15 Responses to “Stories from the Founder: The Origins of TBRI®”

  1. Ruth Velez

    Thank you for this amazing pod cast and information. I did not know that Dr. Karyn Purvis had passed, it broke my heart as she was an amazing woman. It is so encouraging to see how someone like her was able to give so much in her life that made such a huge impact!

  2. Julio Trujillo

    Thank you for sharing this, I’m new to this program, I’ve been working with Juveniles since 2014, Now I can better understand where they are coming from.

  3. Danny

    Thank you for the POD Cast. I am happy to be attending this program. I have been involved with juvenile corrections since 2011, Case Management,LCDC and Parole, this has been an amazing journey in it self. I have spent many a day Trying to figure out what makes these youth tick, what make them so angry, so defient. Many are so artiistic, amazing writers, but let others or their atitudes and beliefs get in thier way of being successful. Thank you for this program to help guide us in changing their lives, change thinking, feelings and emotions so they have the chance to be successful.

  4. Gena

    It is deeply affirming to see the TBRI work of healthy attachment and connection paving a pathway for trauma informed care. Theses principles are practical enough to be woven into daily practice, and profound enough to heal the human soul from hurts.

  5. Elizabeth Boston

    Great information on how TBRI began. I am excited about my course in June.

  6. Crizelda

    I too want to say thank you for this program. I thought I was just going to learn how to better deal with the incarcerated youths I work with. Instead, I found myself checking what I have done with my life, since I left my home at age18 running from a childhood full of trauma. I have always wondered if I knew enough to do enough to heal myself enough to not affect my clients, since deciding to be a counselor last 40 years. This program validated my traumas, as l read, as I viewed videos and as I listened to each podcast. This information inadvertently gave me feedback about what happened to me, what began and sat in therapy 5 years at age 40. Why I went on to be a counselor even though I started as a huge introvert at the beginning of this journey. I have been involved with juvenile corrections since 2010 doing LCDC. Thank you for shedding light and feedback to my journey and for giving me a space to talk about what happened and what I did about it. Thank you for being a beacon to trouble young soles, to me and to past, present and upcoming TBRI practitioners.

  7. Bishop Byron L. Smith Sr.

    Wonderful information! I am looking forward to the Trauma training next week.

  8. Bishop Byron L. Smith Sr.

    The information on TBRI was very enlightening and I looking to see how I can implement the training into the faith community and Veterans who are work with foster care. Thank you!

  9. Bishop Byron L. Smith Sr.

    Great insight on TBRI and assisting foster parents and around attachment opportunities.

  10. Bishop Byron L. Smith Sr.

    This podcast was very good! I love gaining insight on how TBRI great work with Dr. Karen Purvis come into fruition.

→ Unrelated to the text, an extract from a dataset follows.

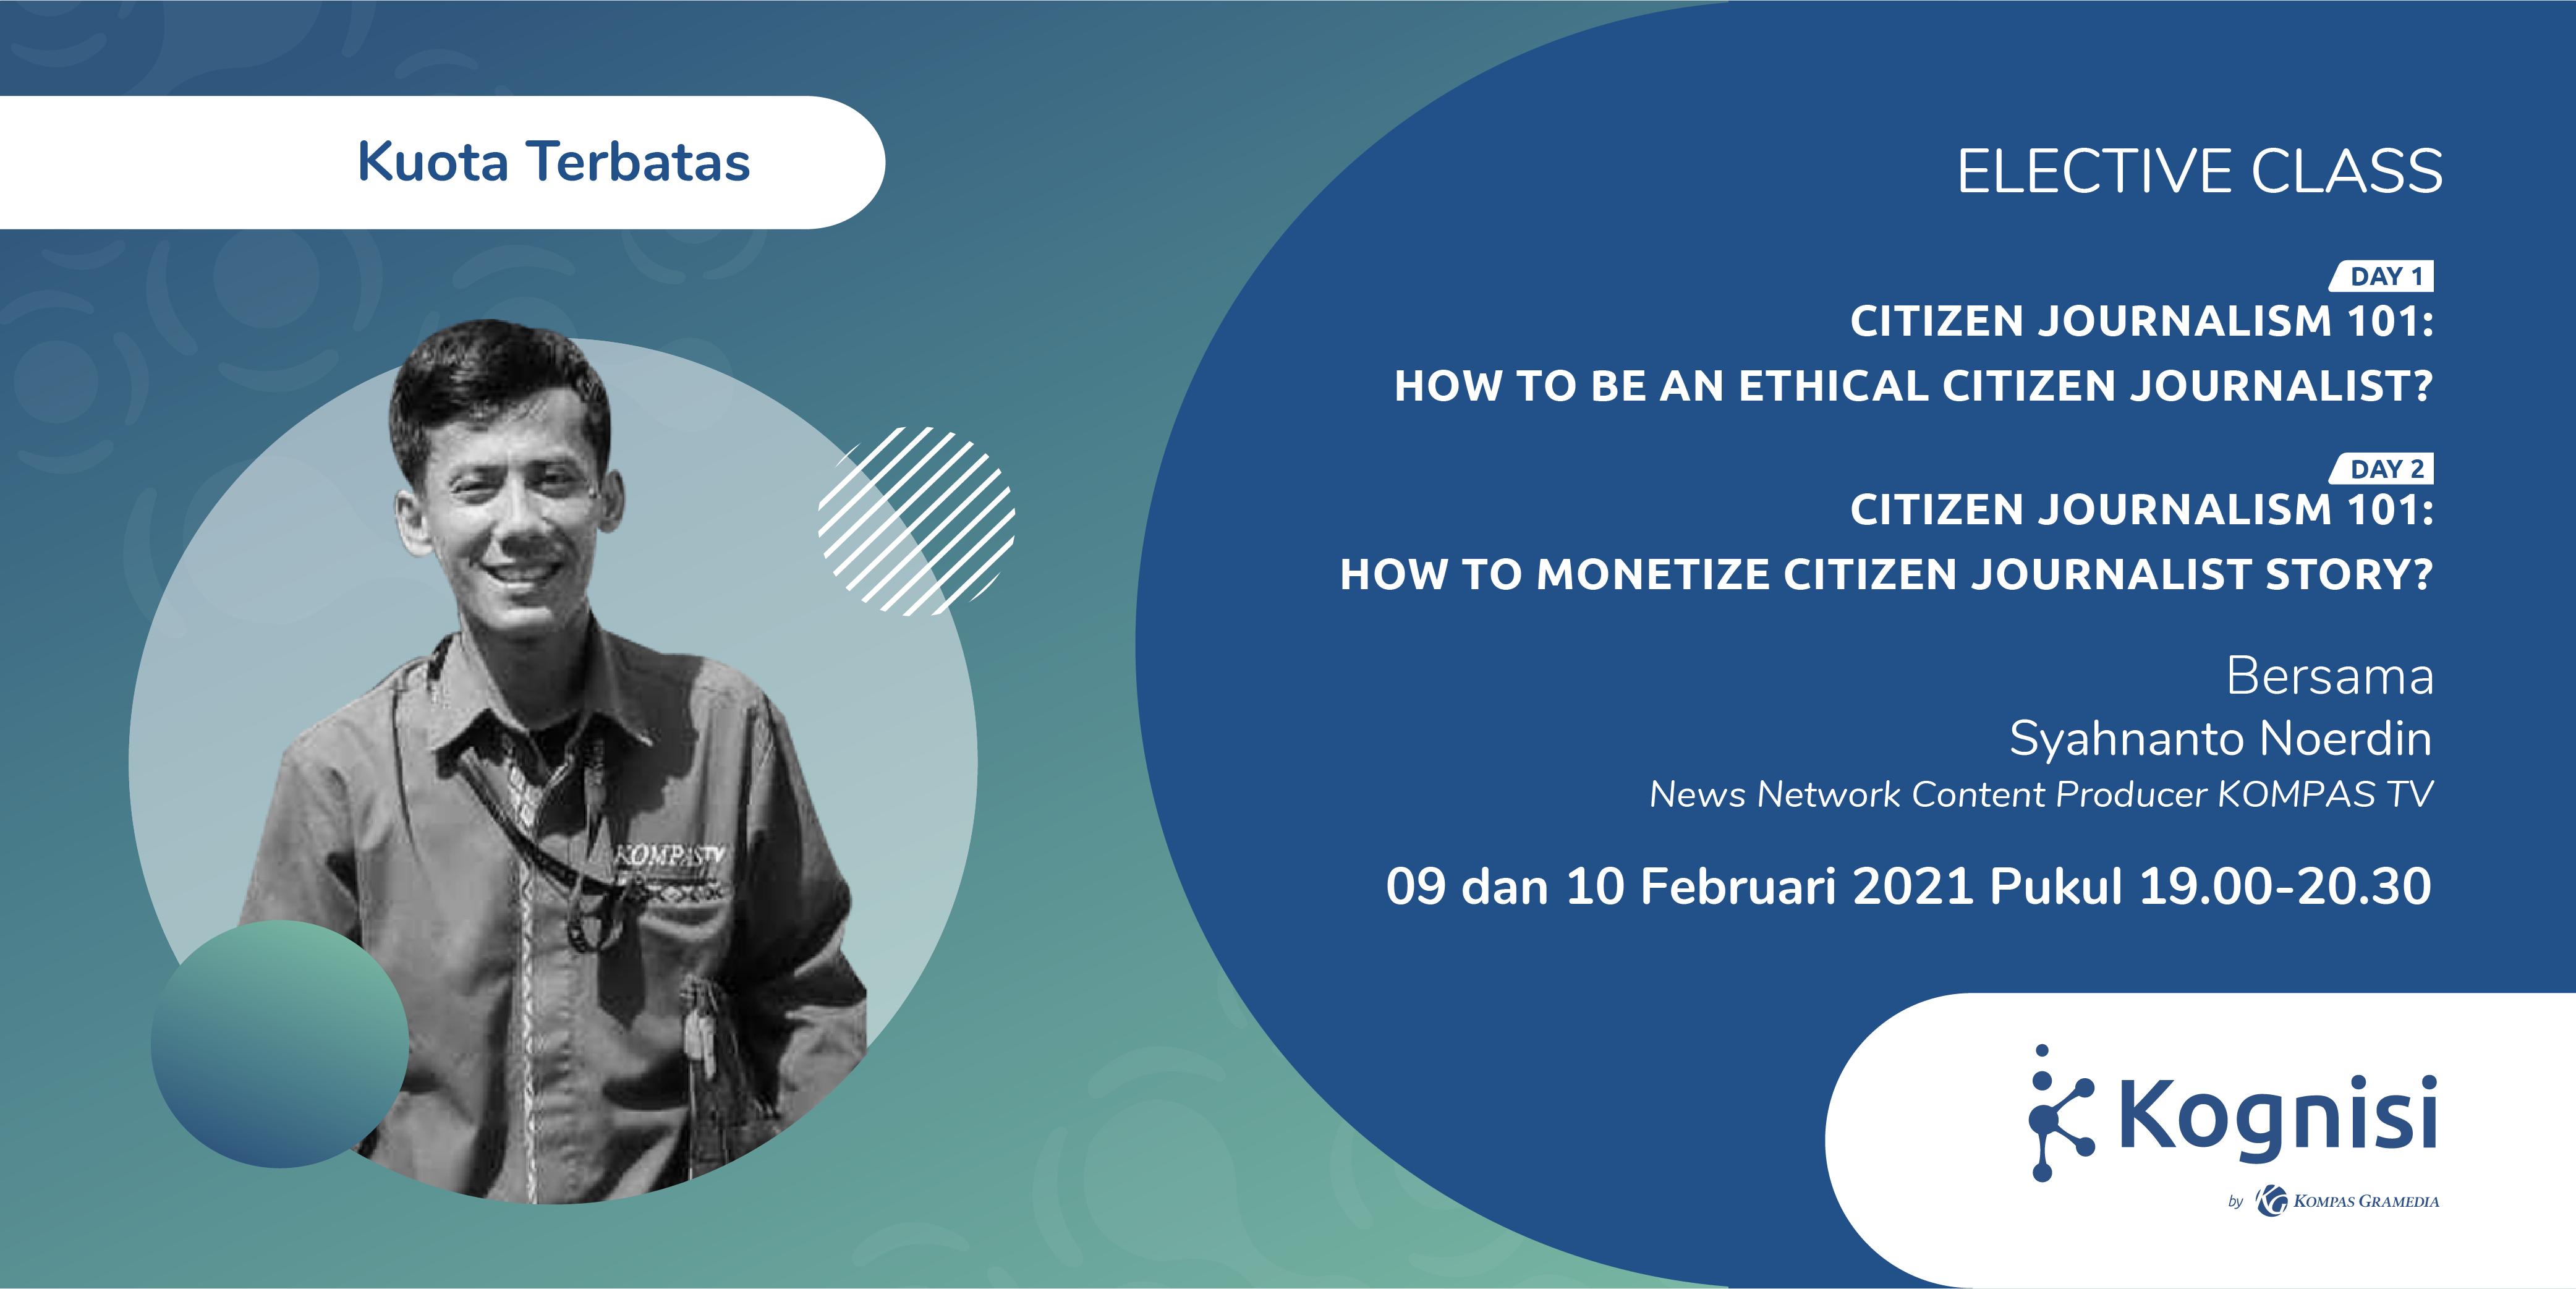 Gambar event Citizen Journalism 101: How to be an Ethical Citizen Journalist? & Citizen Journalism 101: How to Monetize Citizen Journalist Story? dari Kognisi Kompas Gramedia
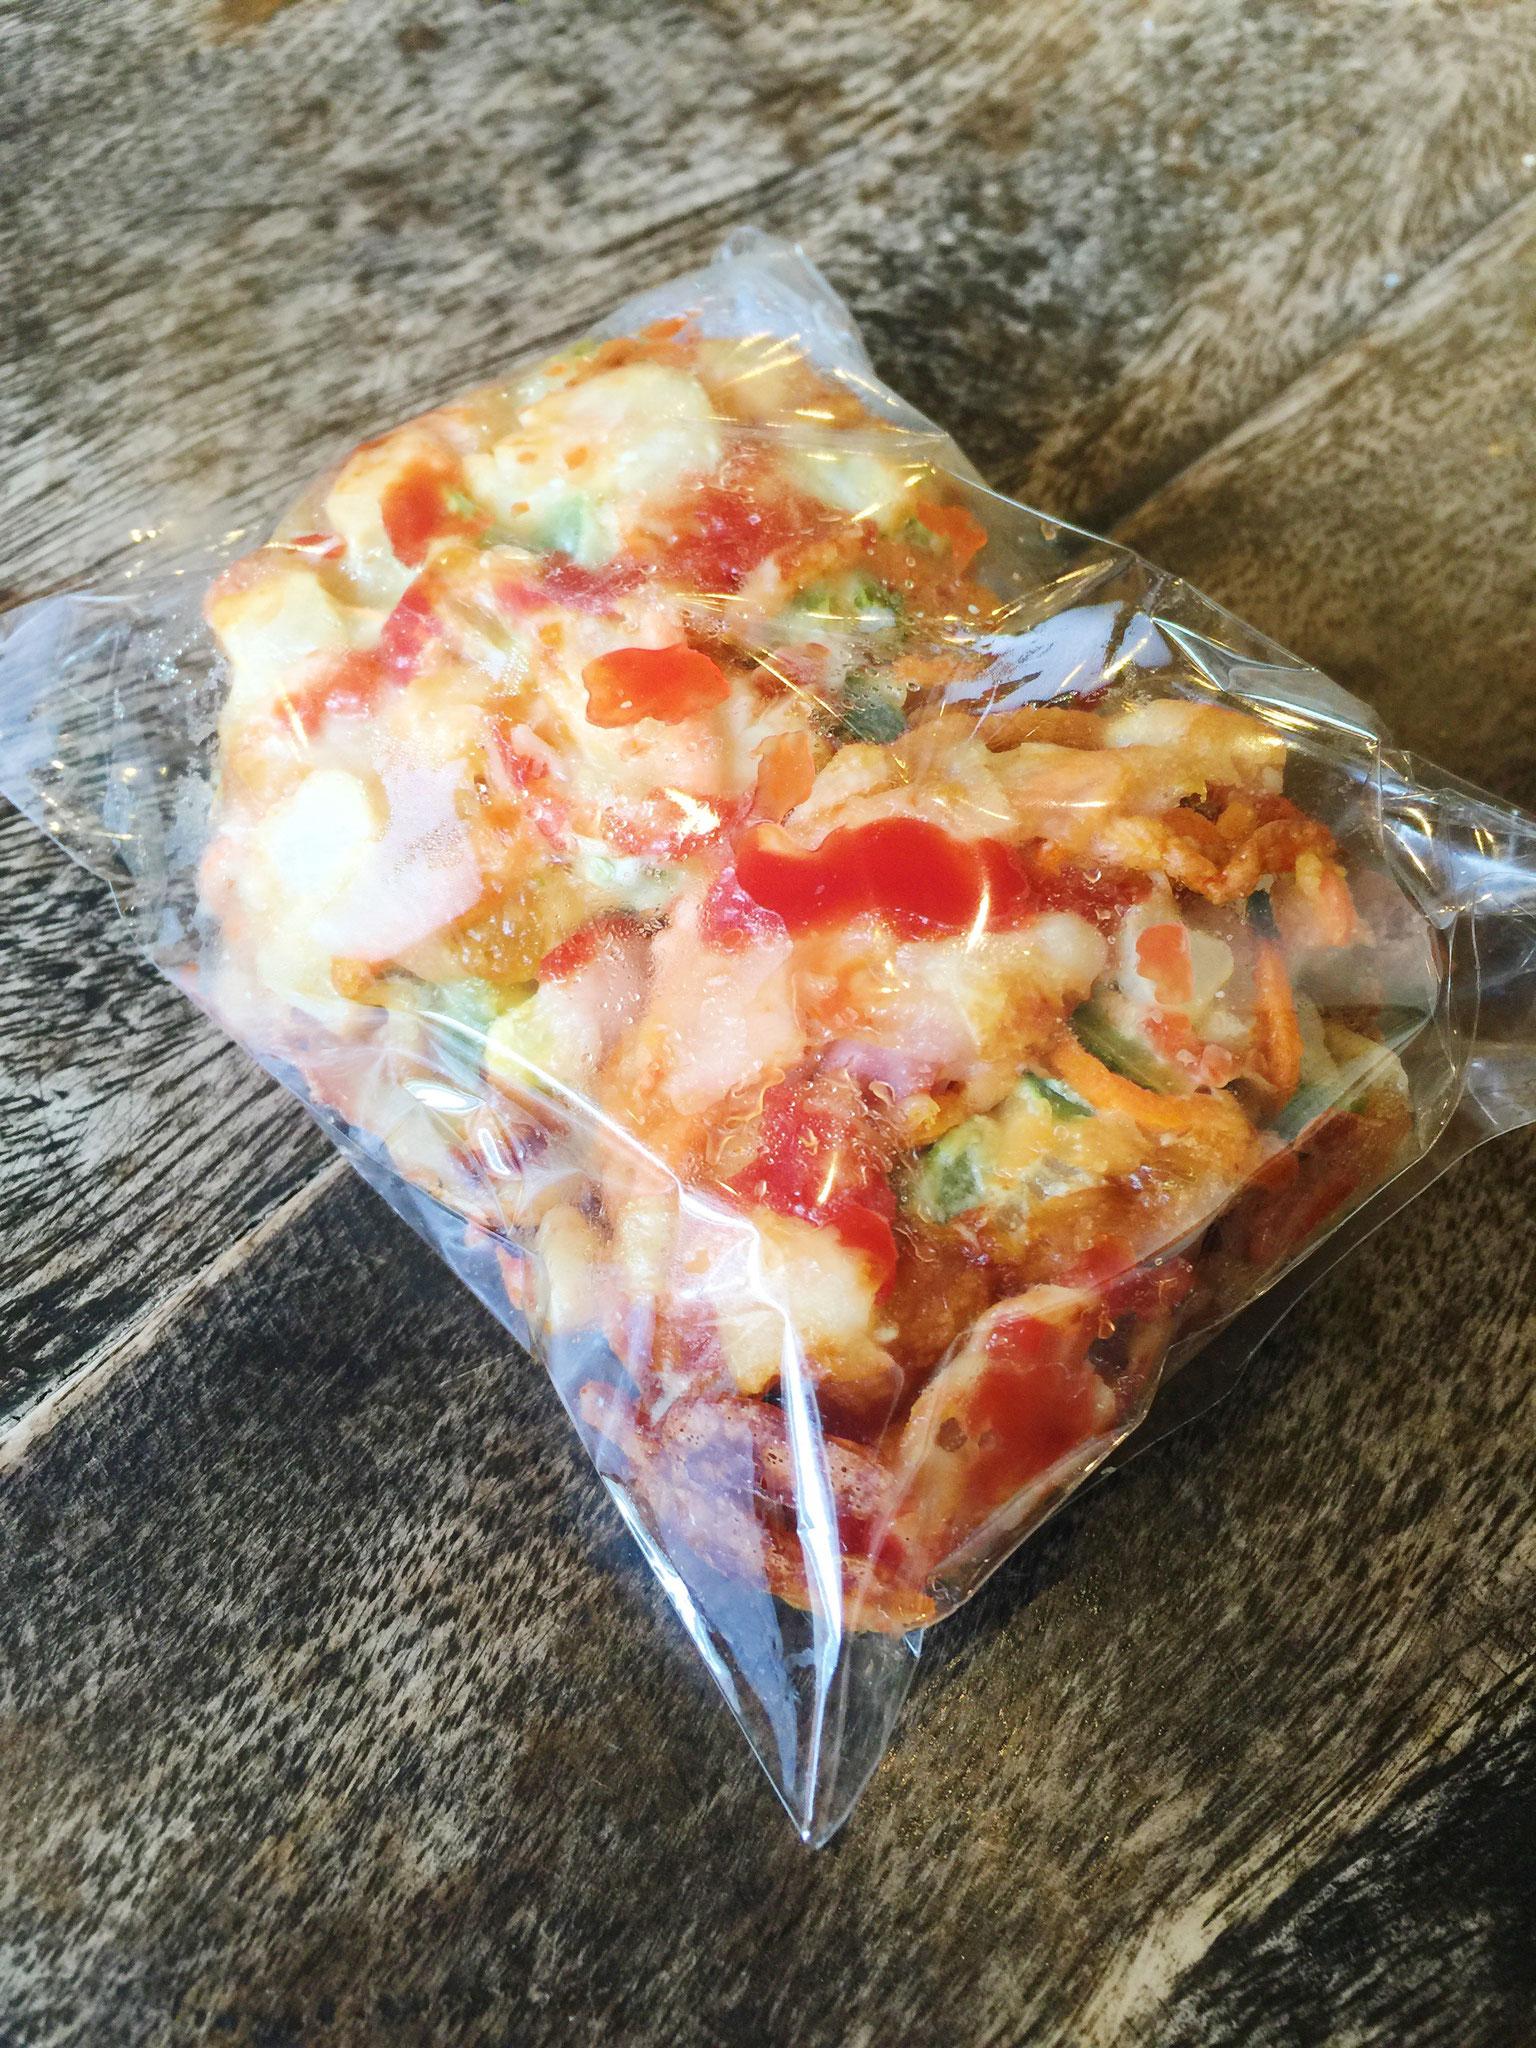 Pizza Baguette - $1.95

  11. Bishop Byron L. Smith Sr.

    It was great gaining insight on how TBRI can work around attachment issues and help with foster families.

  12. Bishop Byron L. Smith Sr.

    The work around TBRI has become a big inspiration towards me working with children and their family around trauma and trauma informed care.

  13. Tarasha Robinson

    TBRI is trauma informed care that I think should be a requirement if you work with children. This should not limited to people who work with children in hard places. The break down and function of this training is powerful.